L'isolement ou le manque de transports collectifs, l'explosion démographique et la part de populations non francophones contraignent les DOM à rechercher d'autres méthodes que celles en vigueur en métropole.

Il conviendrait notamment :

- d'adapter davantage le contenu pédagogique en fonction de la localisation (histoire, environnement régional, langues...) ;

- d'élargir et moderniser les outils pédagogiques (archives locales, nouvelles technologies, télé-enseignement...).

À cette fin, la mission suggère d'avoir recours au Fonds d'expérimentation pour la jeunesse.

Créé par la loi généralisant le RSA votée en décembre 2008, le Fonds d'expérimentation pour la jeunesse est doté de contributions de l'État et de toute personne morale de droit public ou privé qui s'associe pour financer et piloter des programmes expérimentaux visant à améliorer l'insertion des jeunes de 16 à 25 ans.

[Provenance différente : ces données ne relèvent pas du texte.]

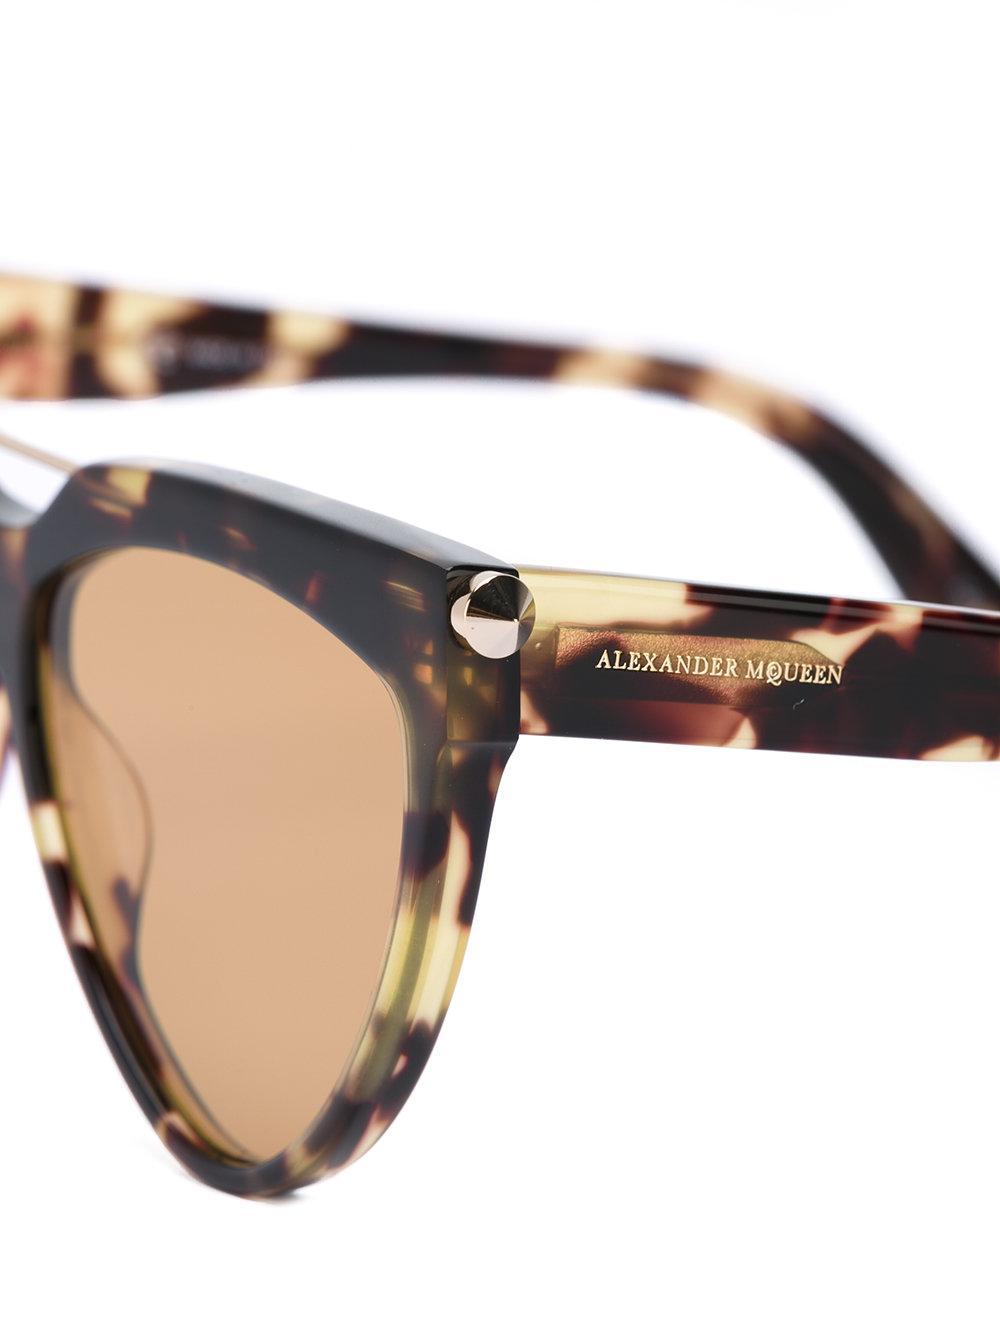 Alexander McQueen Teardrop Aviator Sunglasses in Brown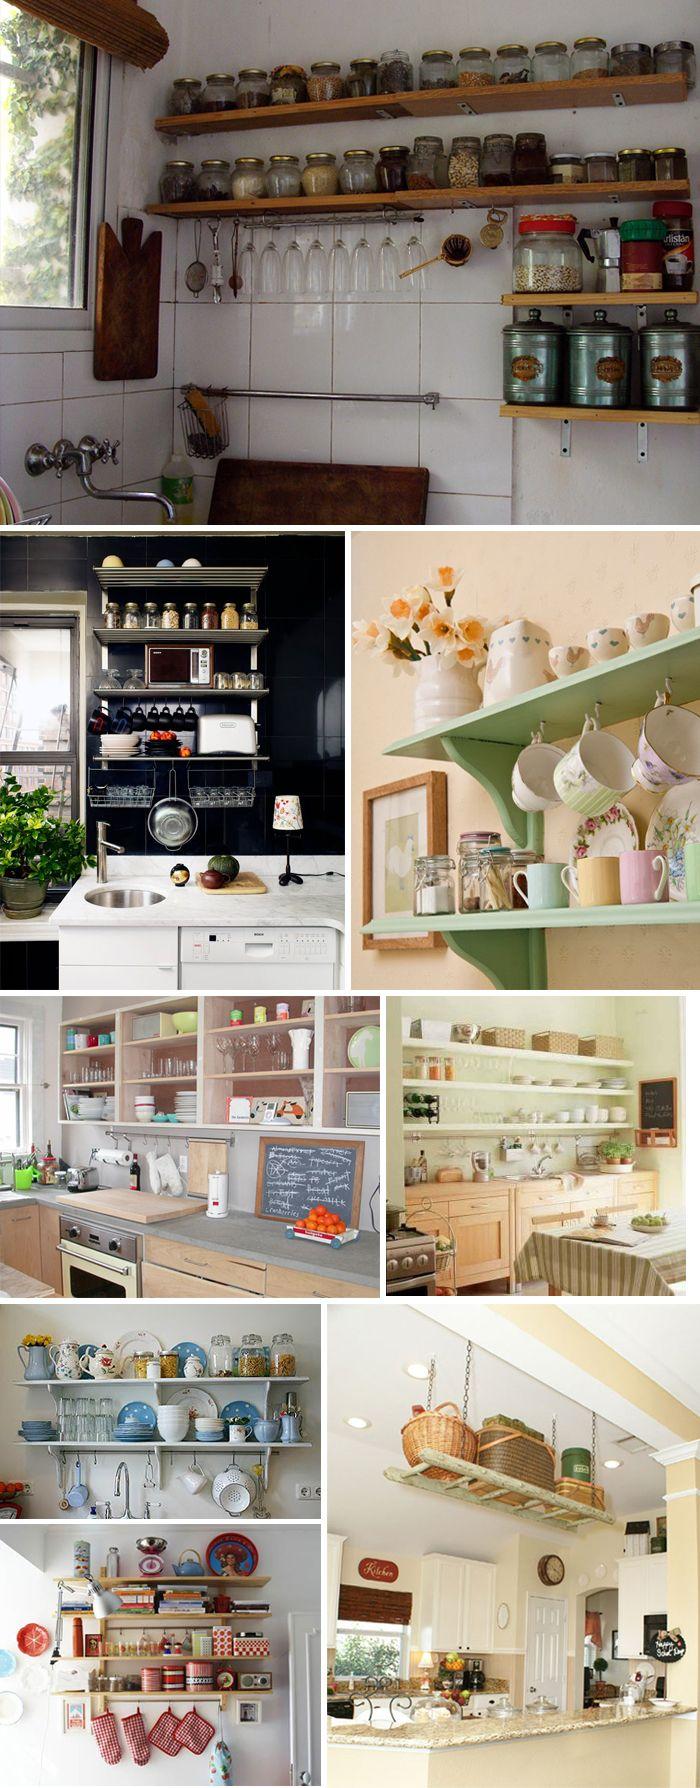 Como decorar gastando pouco: Cozinhas! - Bramare por Bia LombardiBramare por Bia Lombardi

La LODEOM a prévu un abondement de ce fonds dans le cadre des contreparties aux avantages fiscaux dont bénéficient les entreprises des Zones Franches Globales d'Activité (ZFGA). Ces entreprises devront en effet consacrer au moins 1 % de la quote-part de leurs bénéfices, soit globalement plus de 2 millions d'euros par an au Fonds d'expérimentation pour la jeunesse.

Lors de son audition devant la mission le 25 mai dernier, le secrétaire d'État chargé de l'outre-mer a clairement évoqué une extension de son emploi aux méthodes pédagogiques et en particulier en matière de télé-enseignement.

Proposition n° 75 : Utiliser le Fonds d'expérimentation pour la jeunesse pour financer de nouvelles méthodes d'enseignement.

* 161 Voir BO spécial du ministère de l'éducation nationale du 28 août 2008 et BO n° 31 du 6  août 2009).

* 162 La Martinique est la seule académie d'outre-mer à avoir mis en place une initiation en ce domaine dès le cours préparatoire : elle concerne 25,59 % des effectifs (1 394 élèves) contre 31,13 % au plan national.